Section 17.9. Sybase Recovery Procedure | Backup & Recovery: Inexpensive Backup Solutions for Open Systems

17.9. Sybase Recovery Procedure

The first step to recover from a database problem is diagnosing exactly what is wrong with the database. This section provides step-by-step directions for diagnosing and repairing server problems.

Here are a few important things to keep in mind when working on a Sybase server:

It may take some time to have a support call returned. If you have a support contract, contact Sybase technical support early in the process. Sybase technical support will call you back within an hour of placing a priority 1 call.
Take a deep breath before starting. Errors made during a disaster can have dramatic consequences.
The online Sybase manuals, particularly the Troubleshooting Guide, can be very useful.

17.9.1. Step 1: Can You Connect to Your Server Using isql?

The first thing you should try after someone has reported a server problem is to connect to your database server using a utility such as isql.

If you succeed, go to Step 2. If you fail, go to Step 5.

17.9.2. Step 2: Run the Stored Procedure sp_who

Once you log in to the database using isql, you should run the stored procedure sp_who. This procedure tells you what users are doing on your server and identifies blocked processes.

If you have loaded my extended system stored procedure library, you can use sp_ _whodo instead of sp_who. sp_ _whodo shows you only active processes and, more importantly, clearly shows you blocked processes. sp_who output shows one row per connected user; this can be a lot of data on large systems.

If you have any blocked processes, go to Step 3. If you see any processes in LOG SUSPEND state, go to Step 4. If everything looks OK, you can also run the stored procedure sp_lock to do further diagnostics or sp_helplogin loginname to check whether the user is locked out because of security policy (such as too many password attempts).

If sp_who shows no obvious problems and you still think something is wrong with your server, go to Step 6, and check the server error log.

17.9.3. Step 3: Blocked Processes

If Step 2 revealed that some of your server processes are blocked, you must decide whether there is a problem that requires you to terminate one of them.
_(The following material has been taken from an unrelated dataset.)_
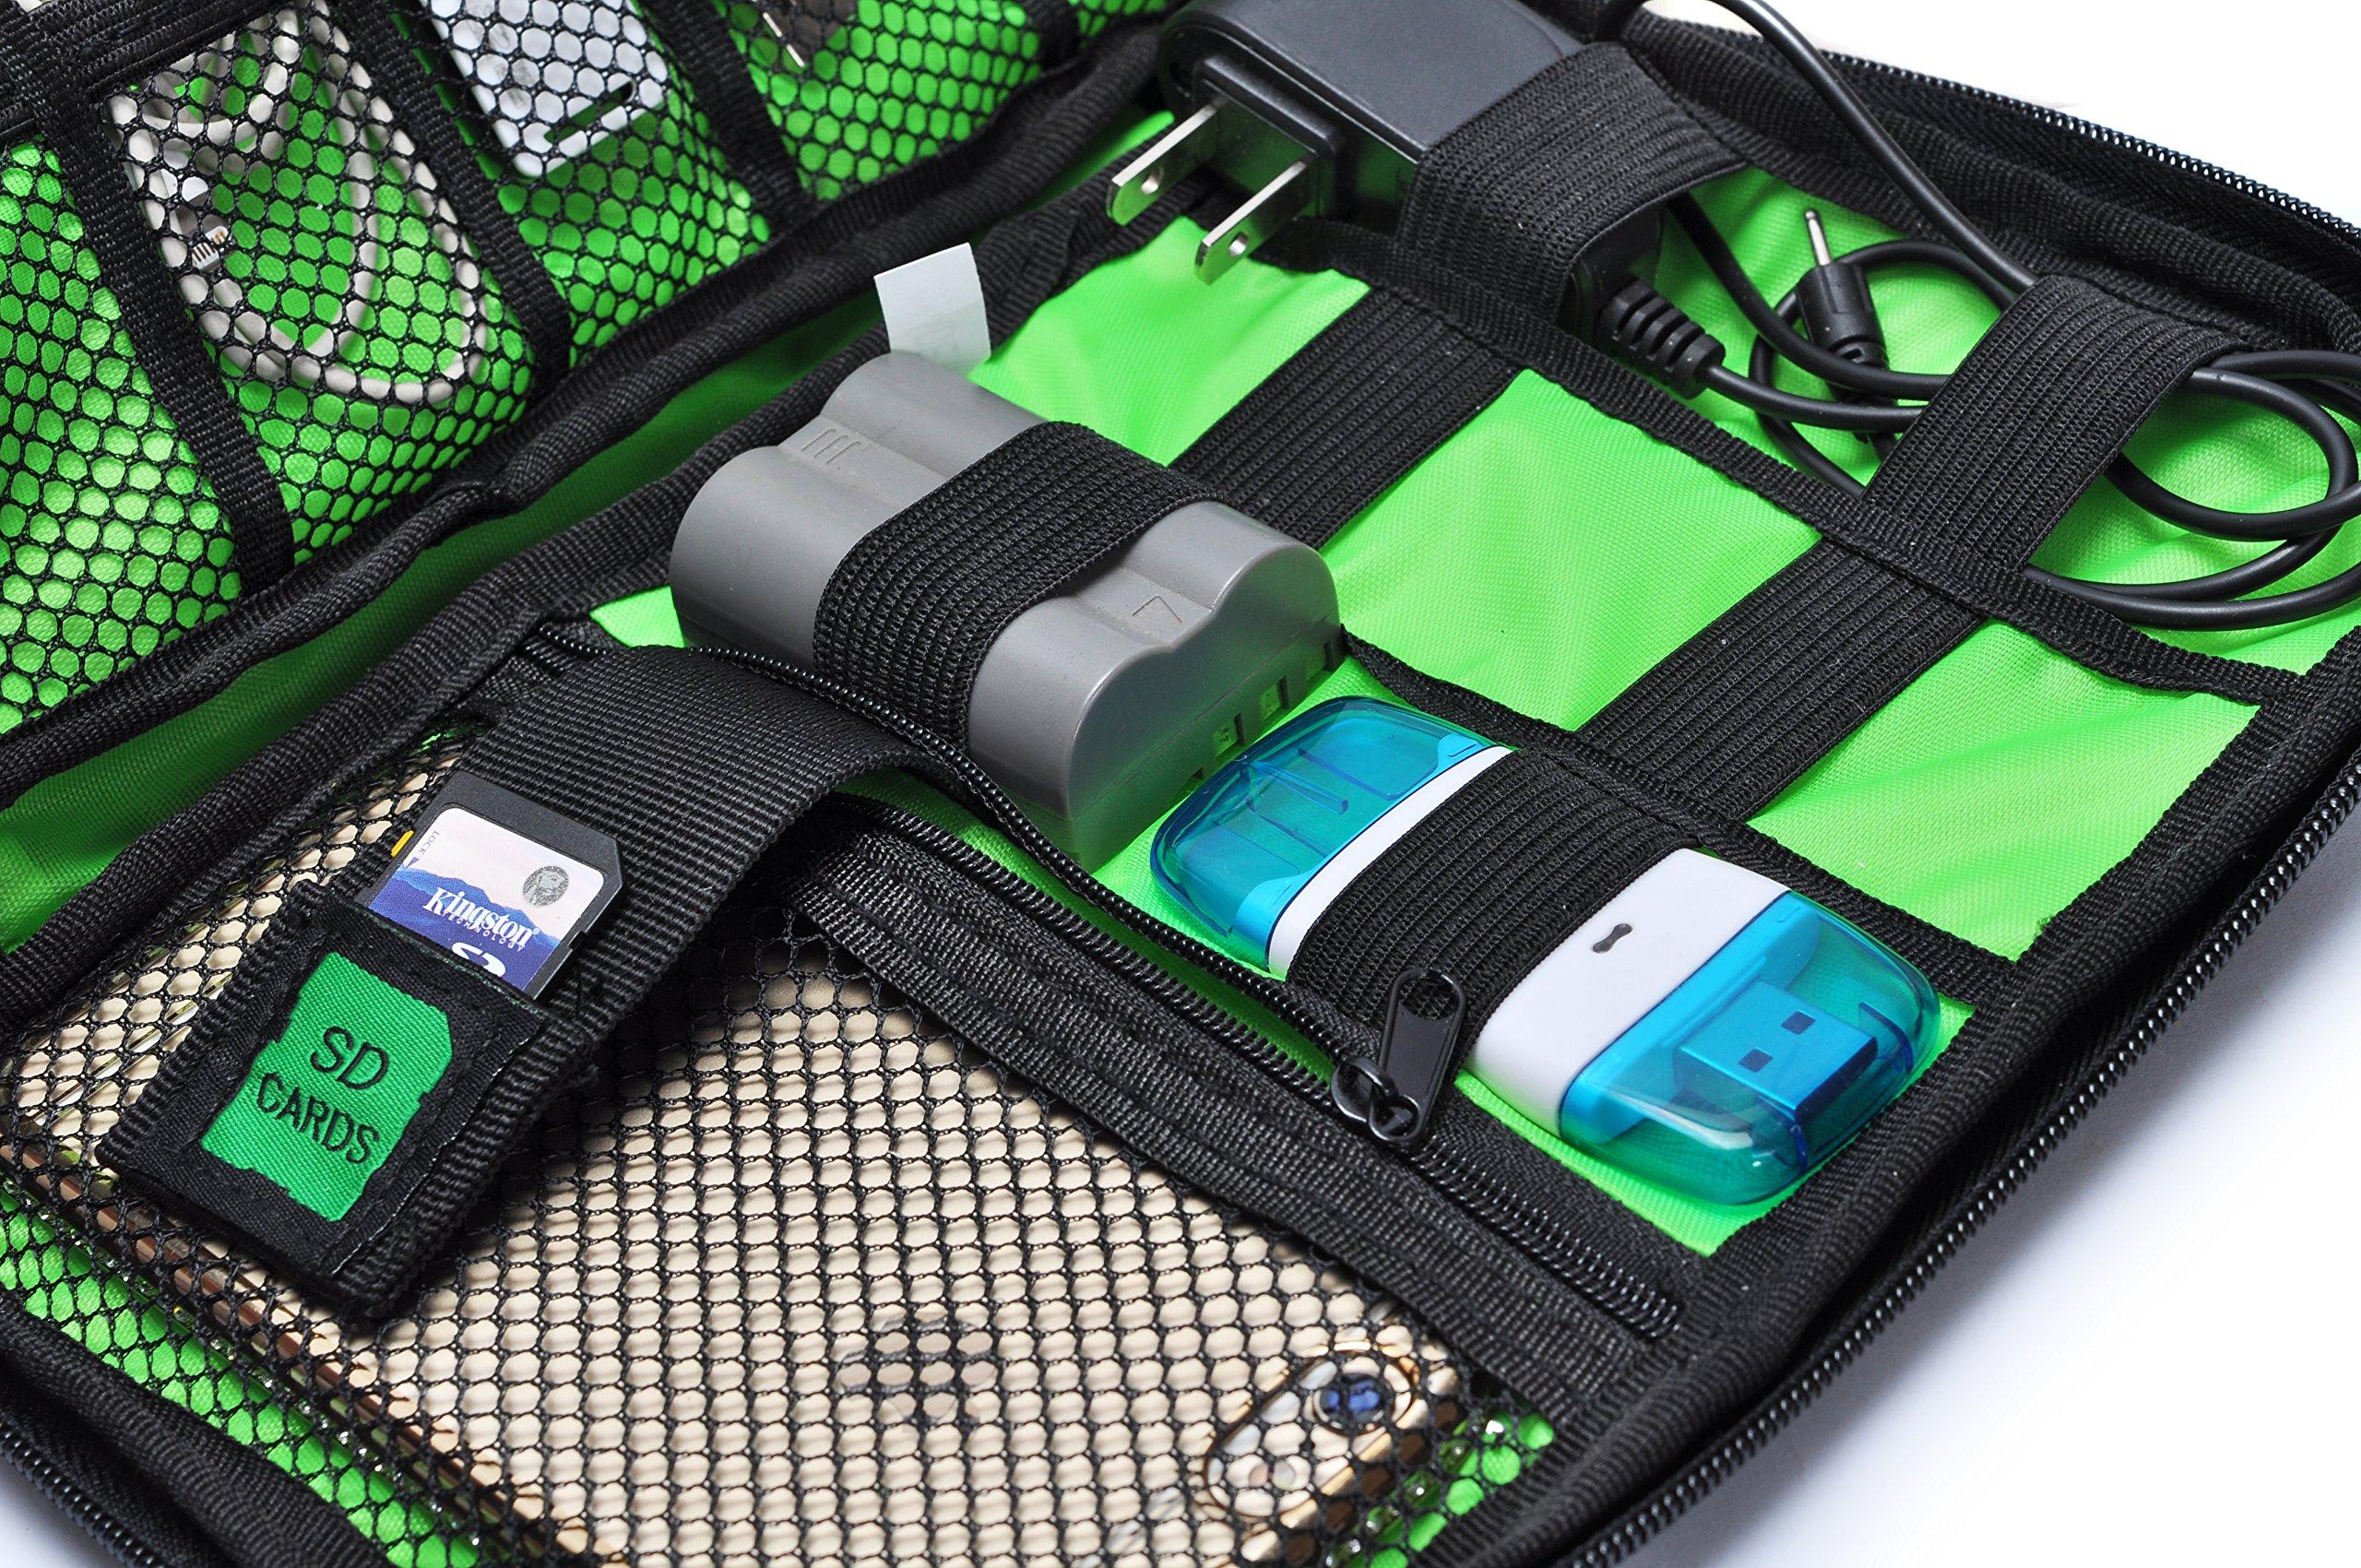 universal electronics accessoires de voyage organisateur//hard drive case//c/âble organiseur,Bleu Jamber electronics accessoires sac de transport//organiseur de c/âble avec c/âble cravate
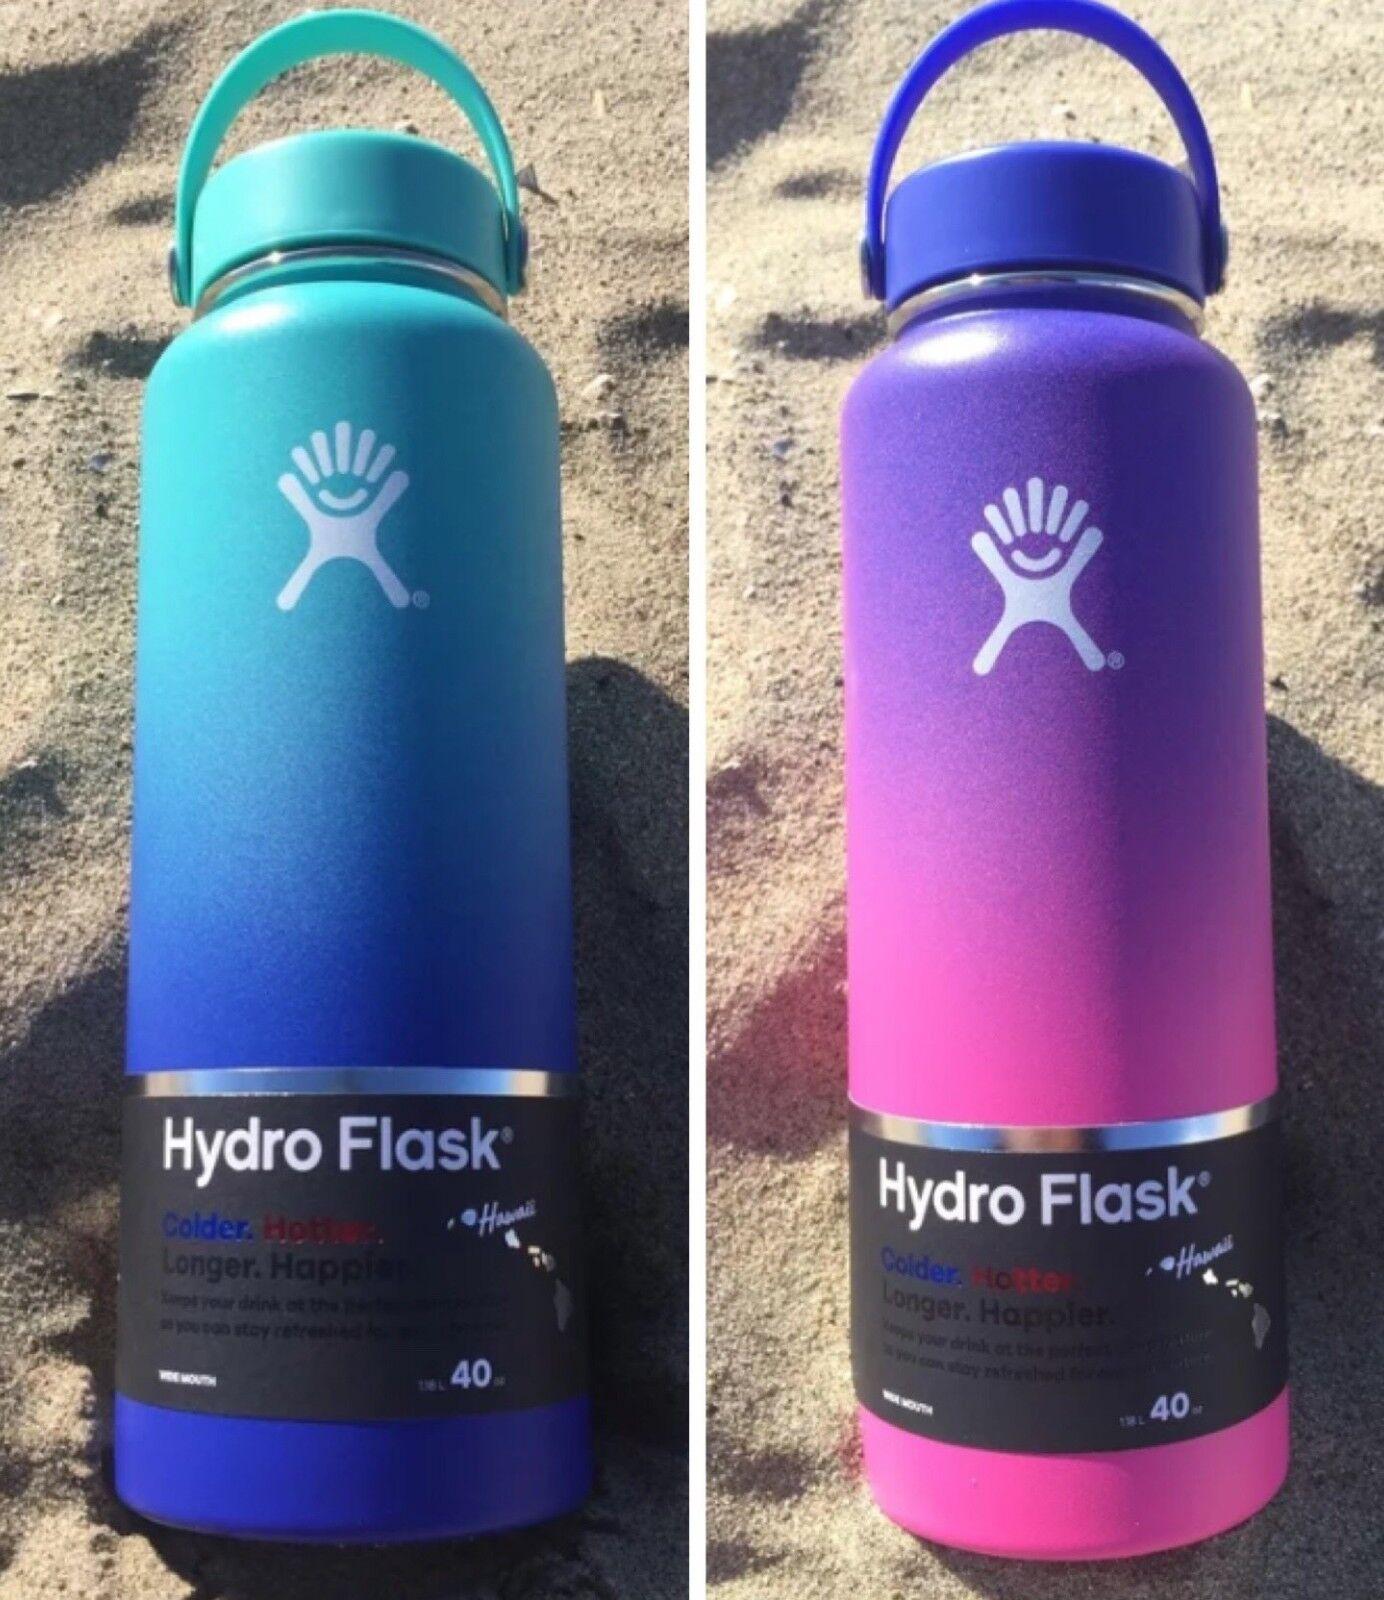 Nuevo Hydro Flask Ombre Edición Limitada Hawaii Moana azul y Anuenue púrpura 40 OZ (approx. 1133.96 g)

If you find that a query is blocking other queries, you can kill it by terminating the client program or by using the Sybase T-SQL command kill.

17.9.4. Step 4: Log Suspend

If sp_who shows a process in LOG SUSPEND state, one of your databases has a full transaction log. You need to either manually truncate or extend the log, or kill the process that filled the log. Details on how to proceed are explained in the "Transaction Log " section earlier in this chapter.

17.9.5. Step 5: You Can't Connect Using isql

If you can't connect to your server using a utility such as isql, you should log in to the system that runs your server (using terminal services or telnet) and go to Step 6.

17.9.6. Step 6: Check the Sybase Server Error Log

When you have a major problem, it is always useful to check the server's error log. The error log is not always in the same location; it is essentially set in the run file that was used to start your database. But usually the server's error log is in the file $SYBASE/$SYBASE_ASE/install/<SERVER>.log. Review this file, which is in chronological order, for errors.

Sybase errors usually have a number associated with them. If you have an error in your error log, you should look up the description of the error in the Sybase Troubleshooting Guide, which can be easily found online at http://sybooks.sybase.com. That guide has good explanations of each error and usually provides a step-by-step procedure to rectify the problem.

17.9.7. Step 7: Check Whether Your Server Is Running

Use Procedure 2 to see whether your server is running. If it is, but you cannot connect to it from a remote client (Step 5), go to Step 8. Otherwise, go to Step 9.

17.9.8. Step 8: Running Server but Can't Connect Remotely

Attempt to connect to the server from the system that runs that server. If you cannot, double-check that your environment variables are set correctly; look at the SYBASE.sh file that is in the $SYBASE directory. If you still cannot connect to the server, but the server is running on your system, follow the procedure to shut down the server, and then move to Step 9.

17.9.9. Step 9: Restart Your Server

A full explanation of how to restart your server can be found earlier in this chapter in the section "Procedure 1: How to Start Sybase." The following commands are a quick summary:

$ cd $SYBASE/$SYBASE_ASE/install $ ./startserver f run_MYSYBASESERVER

Look for the message recovery is complete near the end of a successful recovery process. If the server starts cleanly, you are done. If not, go to Step 10.

17.9.10. Step 10: Startup Failure

If your server does not start, you have a serious problem. Try the following steps; perhaps there is a simple solution to the problem.

17.9.11. Step 11: Contact Sybase Support Immediately

If you have a Sybase support contract, you should call the minute a problem on your production server appears to be serious. Sybase support is excellent and should not be considered optional if your data is critical. It can, however, take at least 30 minutes to get a return phone call even for a priority 1 production issue, so you should call them the minute you realize you have a serious issue.

17.9.12. Step 12: Able to Get Shared Memory?

Sybase uses shared memory extensively for interprocess communication and caching data pages for quick access. If Sybase is prevented from acquiring the minimum shared memory it needs, it displays an error message like the following:

00:2006/03/21 23:39:02.78 kernel  os_create_region: can't allocate 2147479552 bytes 00:2006/03/21 23:39:02.80 kernel  kbcreate: couldn't create kernel region. 00:2006/03/21 23:39:02.80 kernel  kistartup: could not create shared memory

If your server does not start with a short error message like this, you are having a problem allocating your shared memory. There are a couple of explanations for this. The most obvious reason is that the memory has not been freed up from the last server shutdown. The fix for this is to remove a file <SERVERNAME>.krg that can be found in $SYBASE/$SYBASE_ASE. Remove the <SERVERNAME>.krg file, and try to restart the server again.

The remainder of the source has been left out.